ASSIGNMENT: The whole listing below needs to be duplicated exactly, pictures aside.

STORED DATA:
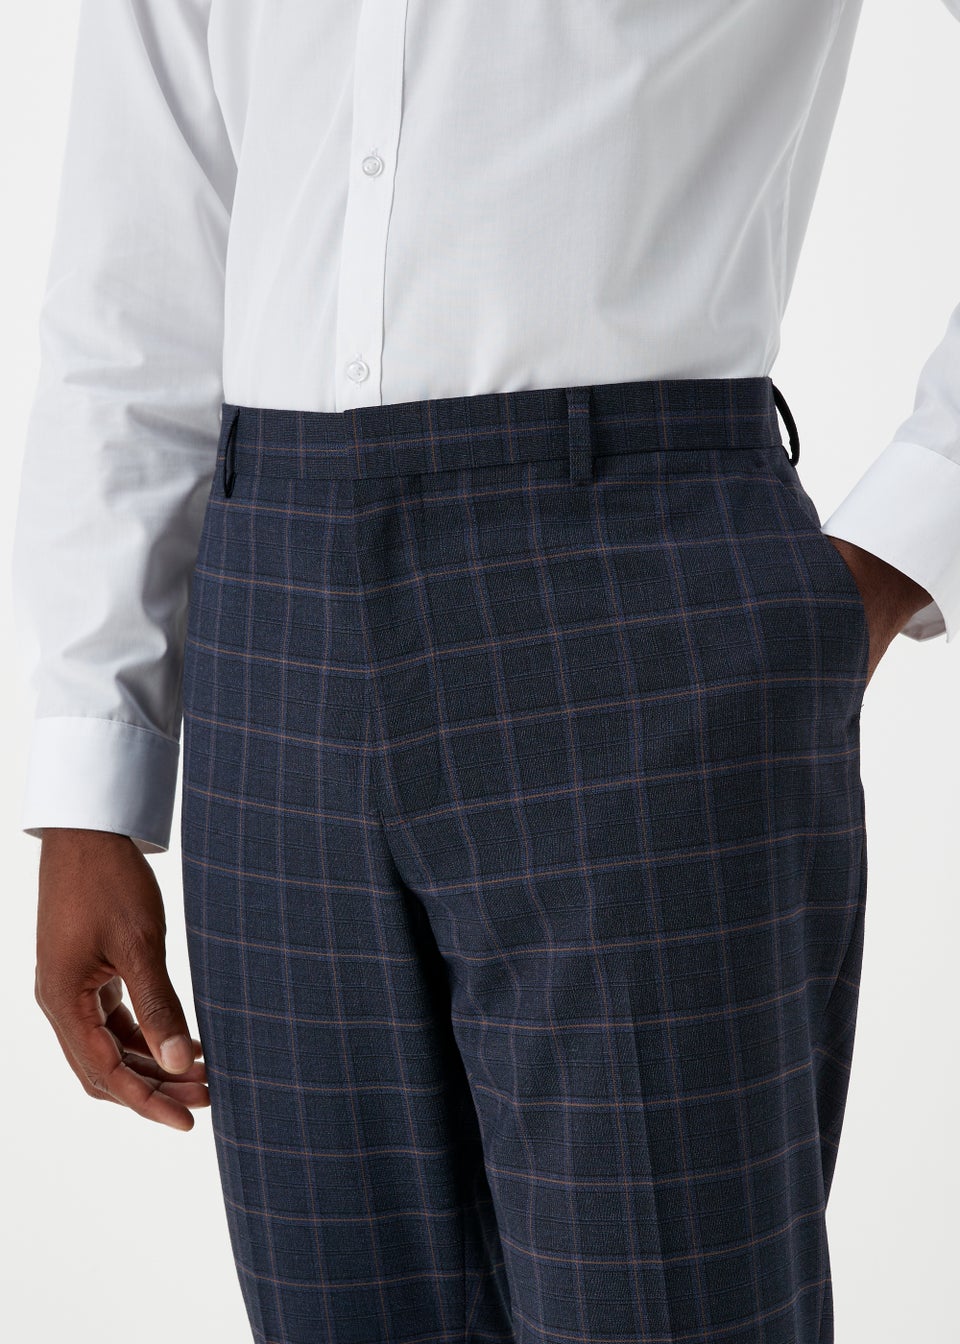 Checked Trousers Men Fashion Navy Glen Check Windowpane Pants Tailor Made  Slim James Bond Prince of Wales Checkered Dress Pants - AliExpress
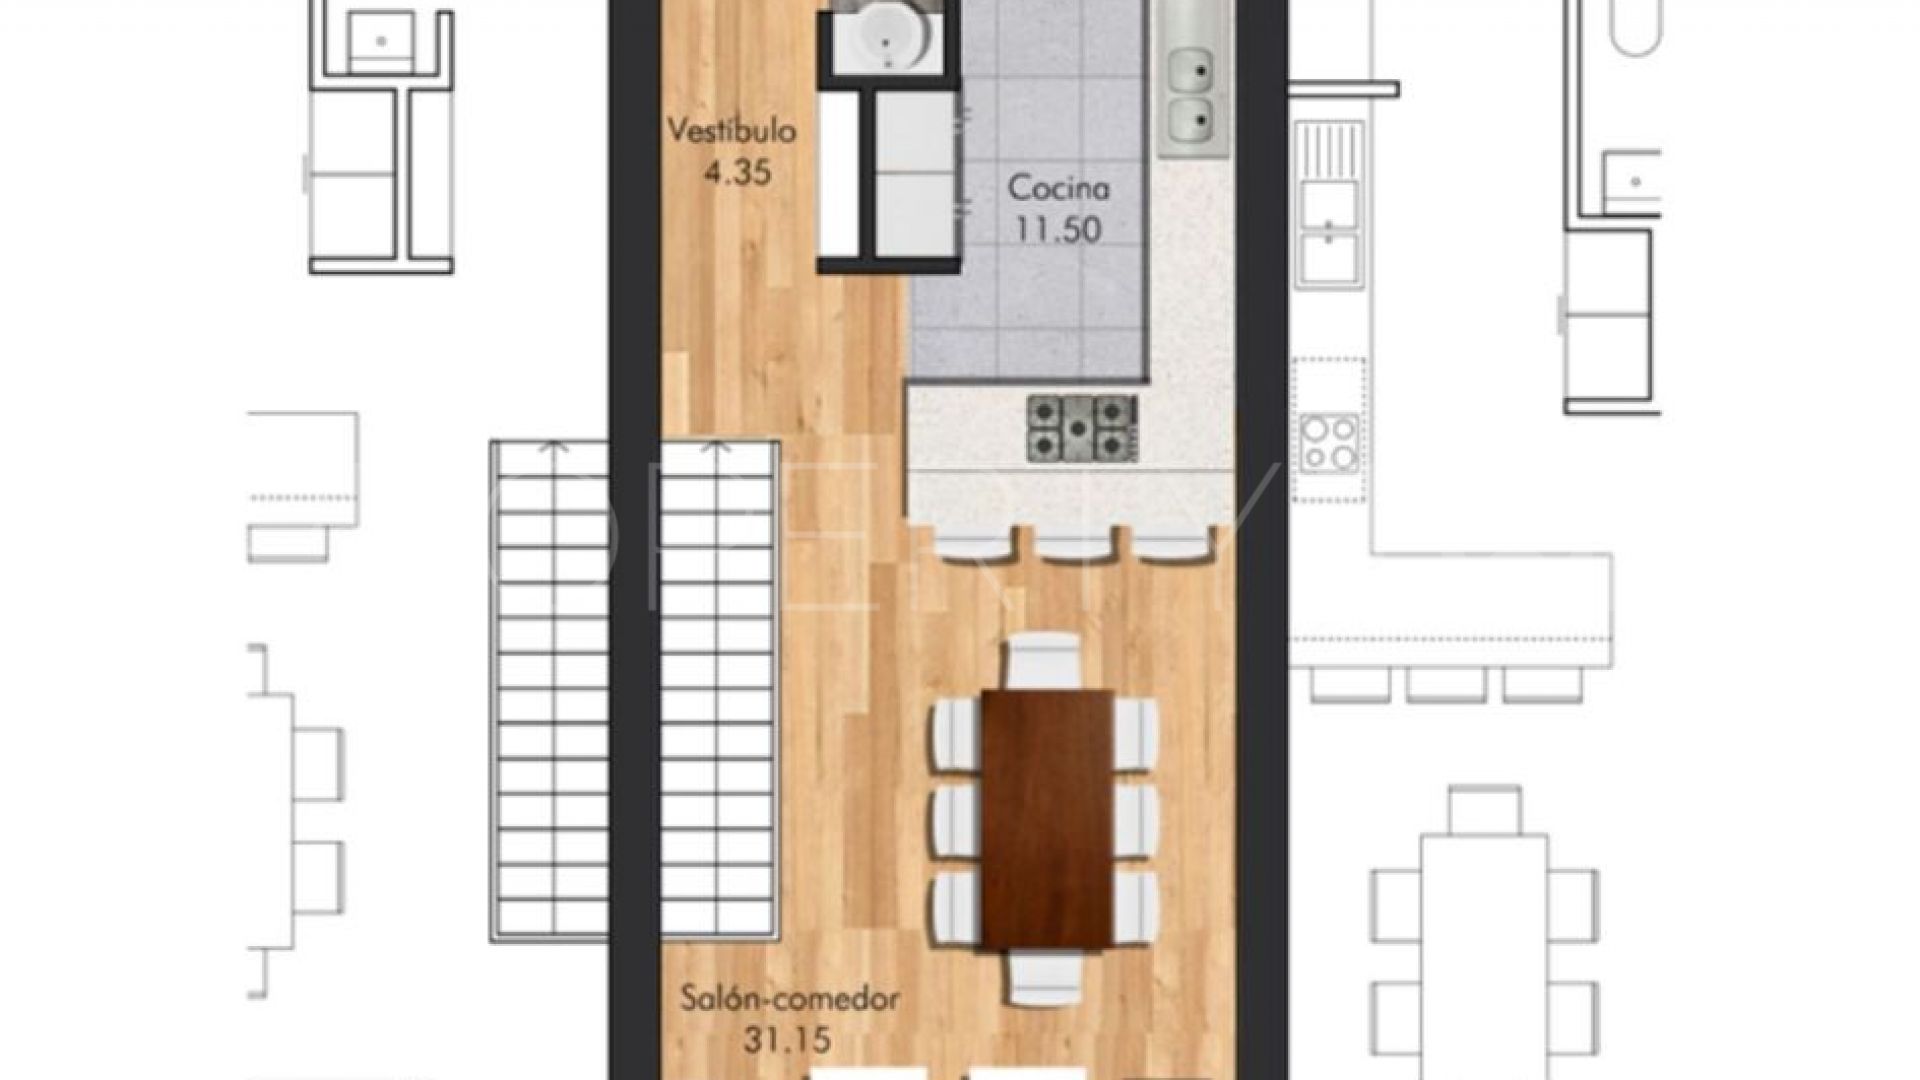 Alcaidesa Costa 3 bedrooms apartment for sale
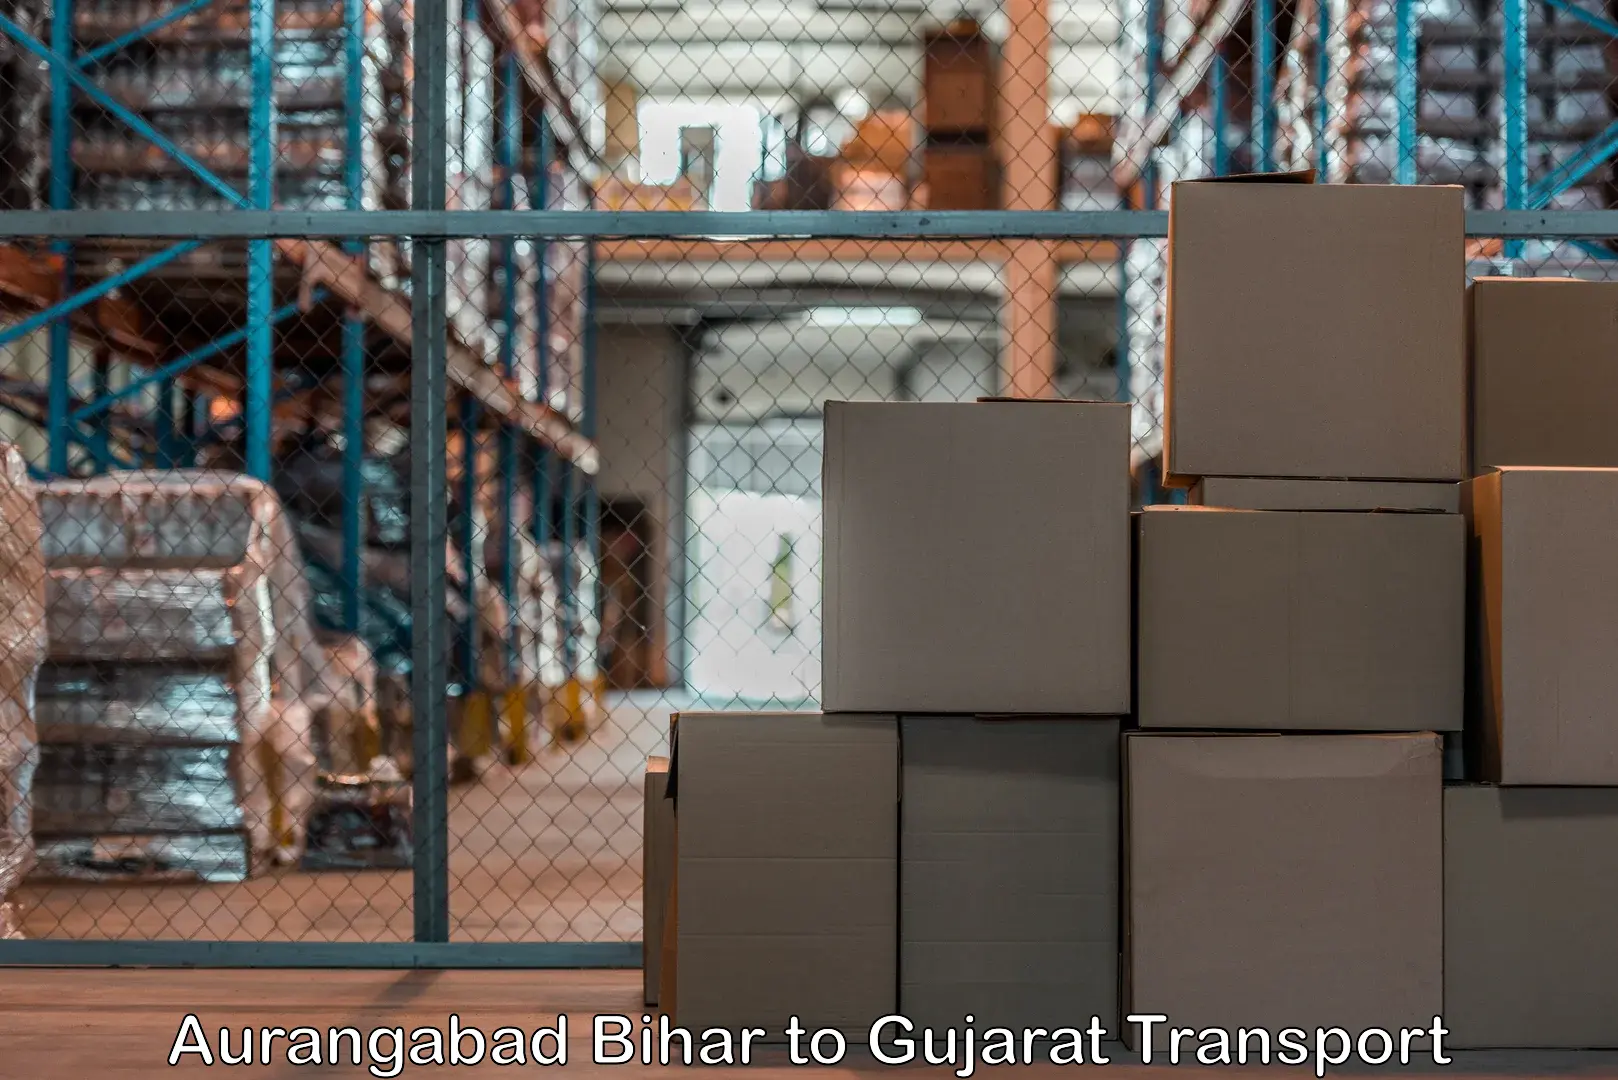 Truck transport companies in India Aurangabad Bihar to Palitana

REPLY:
 Checked Trousers Men Fashion Navy Glen Check Windowpane Pants Tailor Made  Slim James Bond Prince of Wales Checkered Dress Pants - AliExpress
 Alcaidesa Costa 3 bedrooms apartment for sale
 Truck transport companies in India Aurangabad Bihar to Palitana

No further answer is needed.